Cloud Zone is brought to you in partnership with:

Eric is the Editorial Manager at DZone, Inc. Feel free to contact him at Eric has posted 804 posts at DZone. You can read more from them at their website. View Full User Profile

The Director of Education at Cloudera Offers an Insider View of Hadoop

  • submit to reddit
Last week, I attended a Hadoop Tutorial presented in Durham, NC by Sarah Sproehnle, the Director of Educational Services at Cloudera.  The tutorial offered both an informative, high-level history of the software framework that has been generating a lot of buzz in surprisingly different industries.  When I caught up with Sarah after the tutorial, she told me that one aspect of the design of this tutorial was to cut through a lot of the buzz surrounding Hadoop in order to provide a diverse audience with "what Hadoop is really about" and show how they can use it.  I still had a few more questions related to Hadoop, Big Data, and how Hadoop appeals to the Java community.  Here's what she had to say.

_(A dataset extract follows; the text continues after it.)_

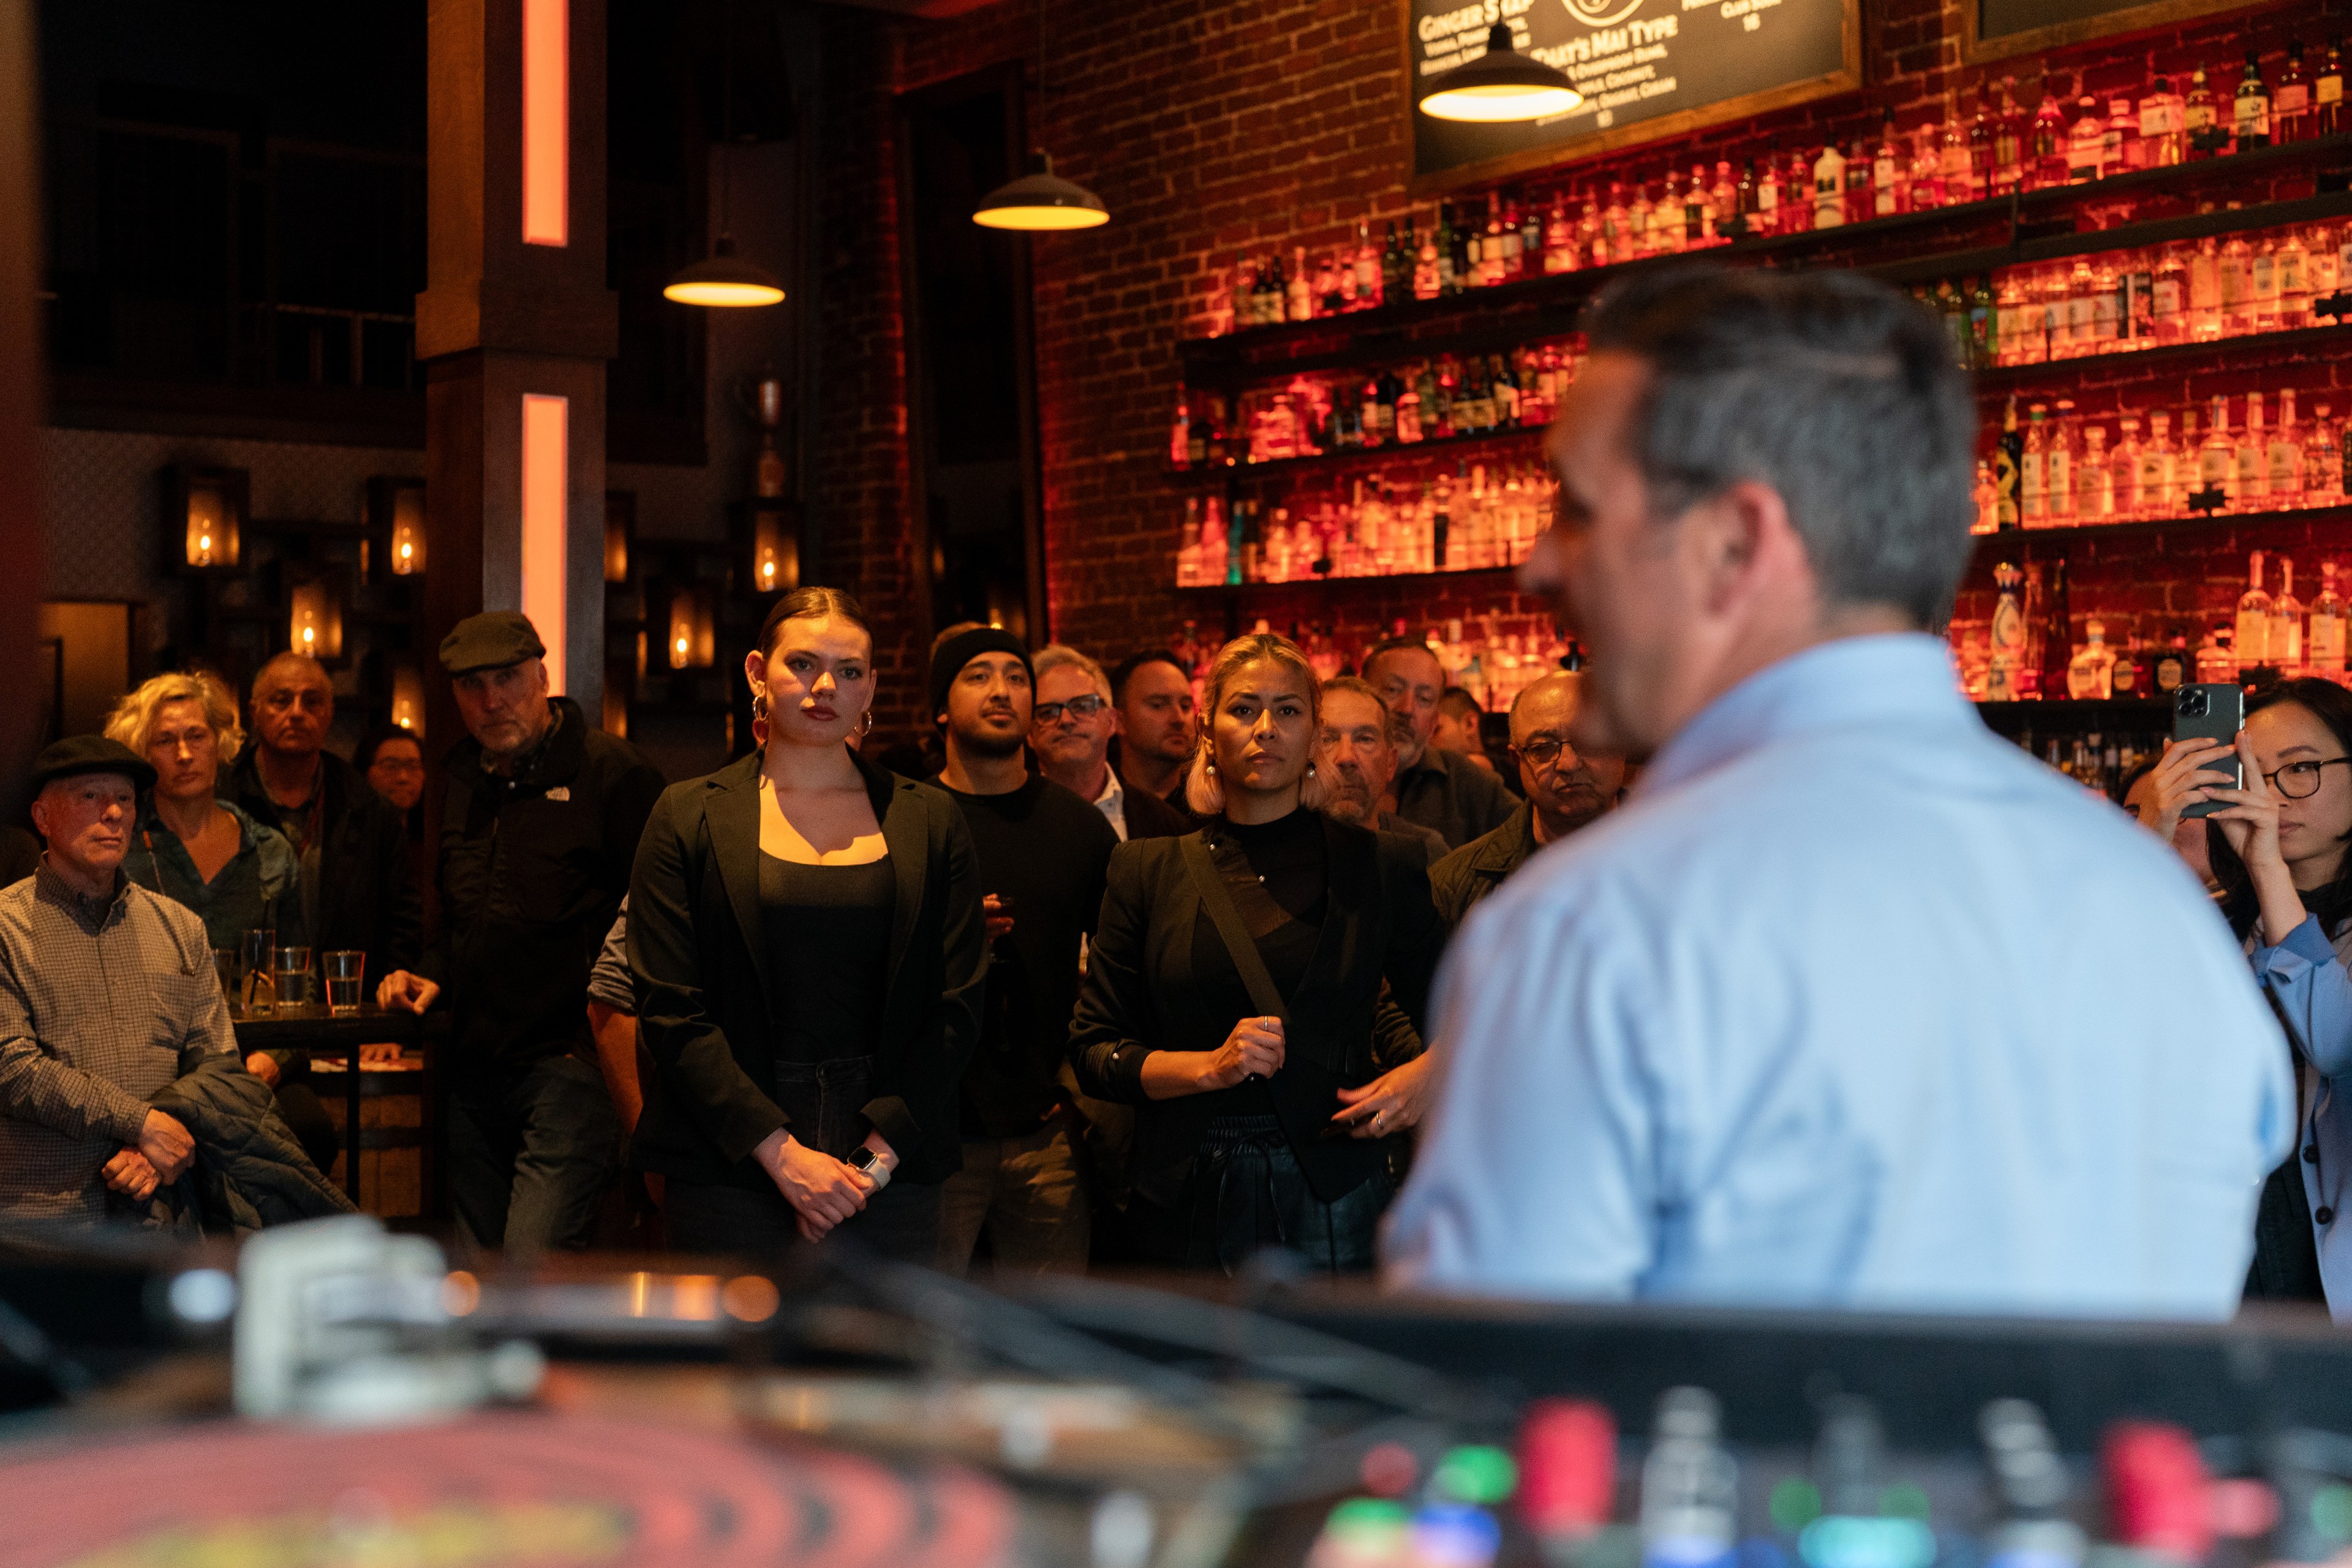 A group listens attentively to a speaker at a bar, illuminated by ambient lighting and a backlit shelf of bottles.

DZone:  How do you think that Hadoop (and Big Data processing / analytics) will impact the overall developer space over the next few years?

Sarah Sproehnle:  We're seeing a tremendous investment in developers moving from traditional back end database development to the Hadoop space. Processes that used to be coded in PL/SQL or that relied on large in-memory state are now being written using Hadoop for data processing and HBase for real-time applications. A lot of applications that were built on top of databases, where developers struggled to fit non-relational paradigms into relational stores, are now being built more quickly and with access to data at any scale.

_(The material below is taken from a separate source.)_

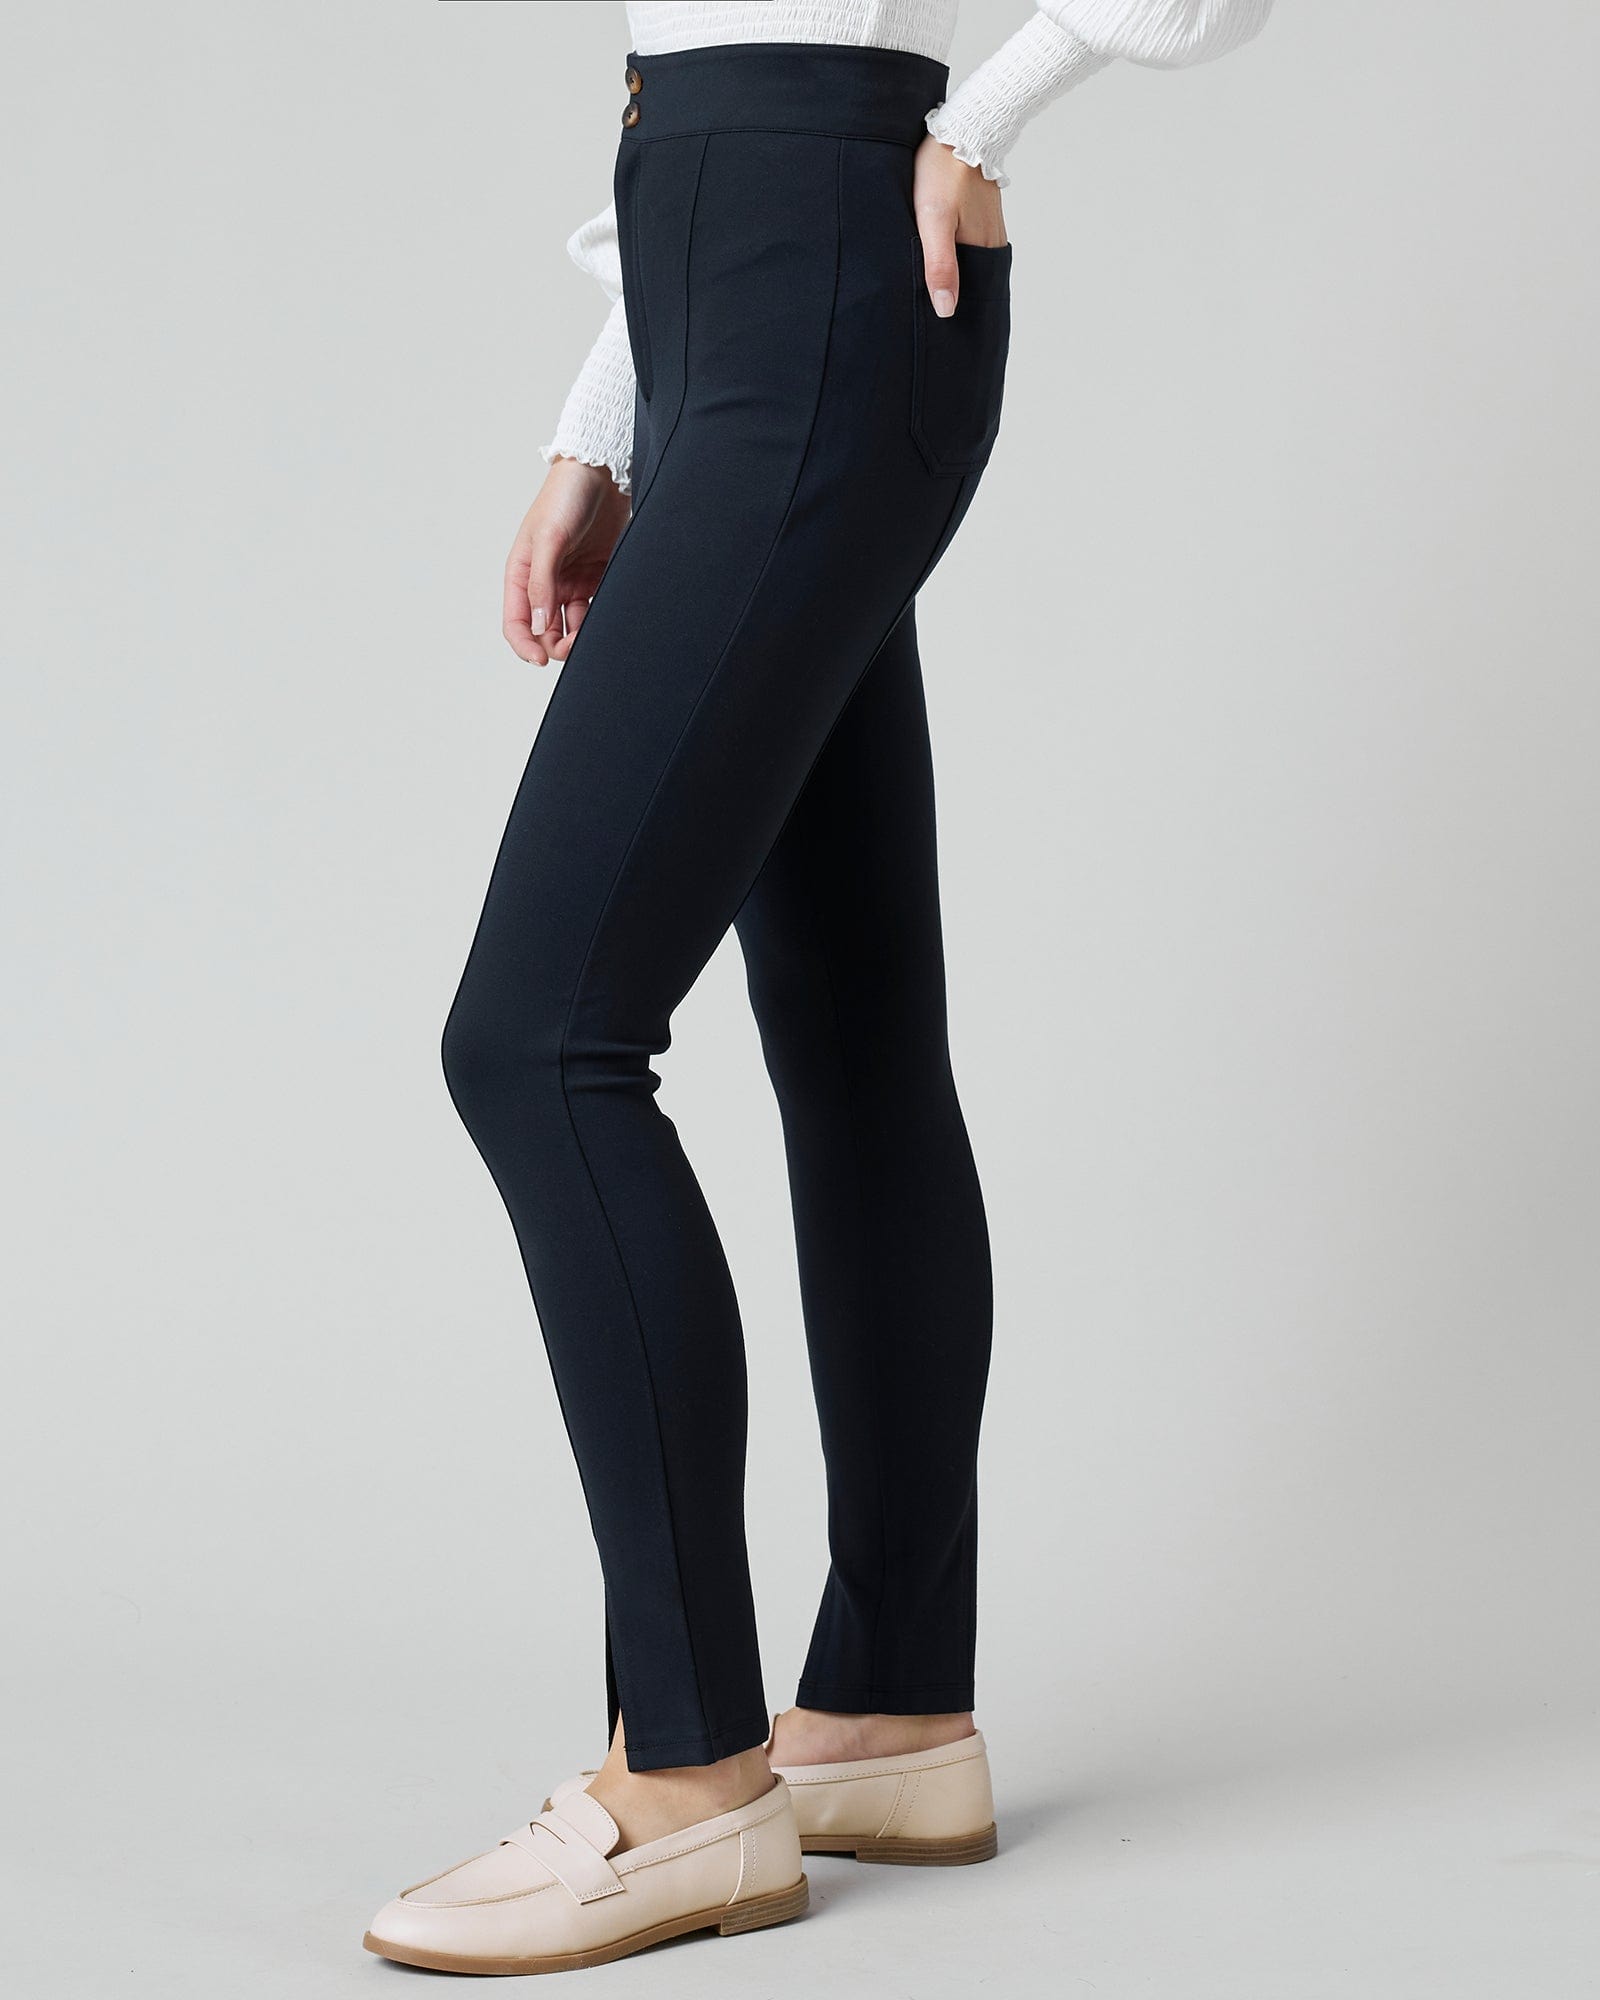 Woman in black fitted pants

DZone: You covered some common implementations of Hadoop in your presentation - which of these do you think is the most innovative or interesting?

Sarah Sproehnle:  A lot of people use Hadoop to do complex data processing such as billing mediation and transaction reconciliation. Similarly, Hadoop is a popular tool for recommendation engines and predictive modeling. At the forefront through is people building real-time interactive applications on top of HBase. These are driving both data serving (such as user profiles or POIs) and as the basis for incremental analytics where business can monitor how their systems are behaving in real-time.

DZone:  What are some cool tools (or uses) of Hadoop in development or coming up that Java developers should be aware of?

We're seeing a lot of interest in higher level libraries that make Hadoop much more accessible to Java developers. For example Crunch (here and here and is a FlumeJava inspired library. We've been hearing some very positive feedback from Java developers who want a lot of the mechanics of MapReduce taken care of but don't want to write in Hive or Pig.
Published at DZone with permission of its author, Eric Genesky.

(Note: Opinions expressed in this article and its replies are the opinions of their respective authors and not those of DZone, Inc.)


Fahmeed Nawaz replied on Tue, 2012/06/12 - 11:05am

This is needed less since the 2.2 version of the driver. The connection pool is now thread-aware and will use the same connection (in the thread) as long as the pool isn't depleted between operations."

Unless the thread calls db.requestDone(), how would this pool know it is safe to reuse the connection? Too much time between API calls by the thread?

John Smith replied on Tue, 2013/02/19 - 5:17am

 This is actually the kind of information I have been trying to find. Thank you for writing this information.      interior designs singapore


Comment viewing options

Select your preferred way to display the comments and click "Save settings" to activate your changes.